Ad oggi, sono ben 16 le sottozone della DOC Romagna Sangiovese, a riprova della grandezza di questa terra che ha creduto nella necessità di fare del suo vitigno principe un faro di comunicazione.
Terroir di Romagna
«Sua Maestà il sangiovese è un vitigno complesso, ma che sussurra», racconta Francesco Bordini, «permettendo così di dare voce al terroir, in tutte le sue variabili». L’esperimento di questa sera, seguendo questa linea di pensiero, vede una batteria di vini in cui le variabili annata (2020), vitigno (sangiovese), fermentazioni (quasi tutte spontanee) e affinamento (in acciaio o cemento per lo più, con eventuali passaggi in legno poco invasivi), sono tenute tutte il più possibile stabili, in modo da far emergere il terroir, inteso come spazio fisico, composizione pedologica, clima, microclima e fattore umano.
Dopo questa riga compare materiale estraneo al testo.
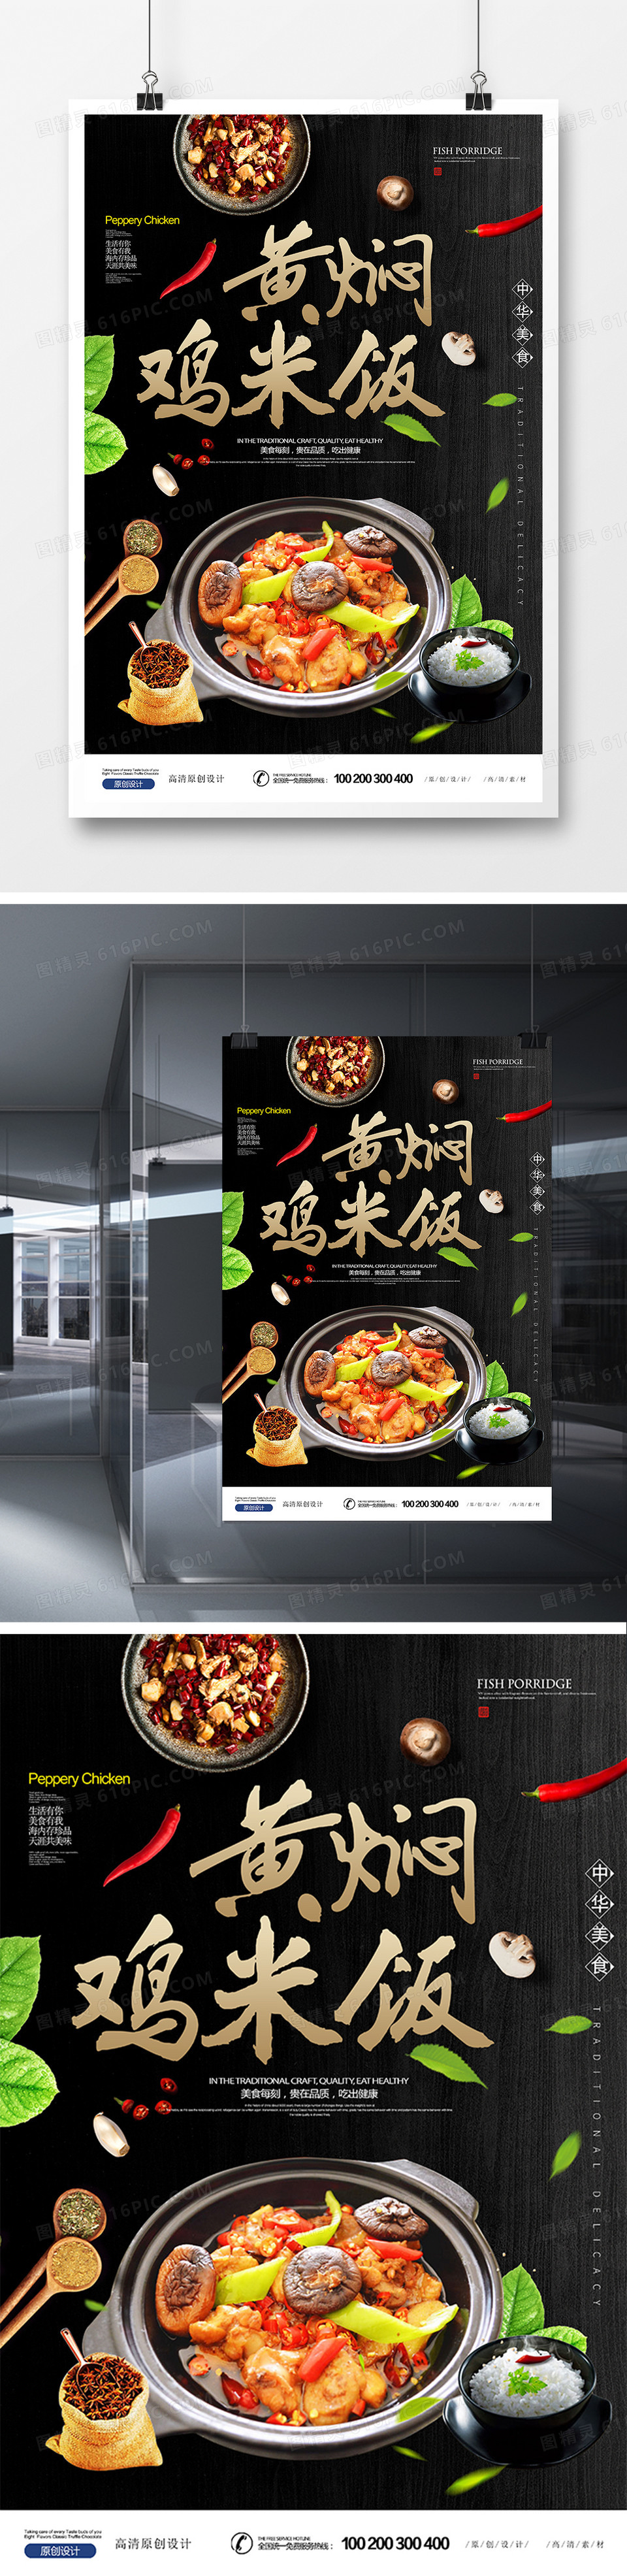 黄焖鸡米饭特殊餐饮美食海报设计

Prima di addentrarci nell’approfondimento di queste linee di demarcazione, è bene ricordare che esistono tre grandi famiglie di sangiovese: quello di Lamole - ovvero il sangiovese del Chianti per eccellenza – quello di Romagna e quello di Montalcino. «Con grande semplicità, possiamo distinguere queste varietà da due caratteri principalmente: la dimensione dell’acino e quella del grappolo» così riassume Bordini. «Lamole ha acino piccolo e grappolo piccolo, Romagna ha acino grosso e grappolo grosso mentre Montalcino ha acino grosso e grappolo piccolo». Questi elementi, lungi dall’essere solo estetici, hanno l’effetto di influenzare in modo dirompente il vino. In particolare, un acino grosso avrà meno buccia in percentuale e quindi più polpa e succo, con una sensazione tannica meno dirompente rispetto alla prevalenza del frutto.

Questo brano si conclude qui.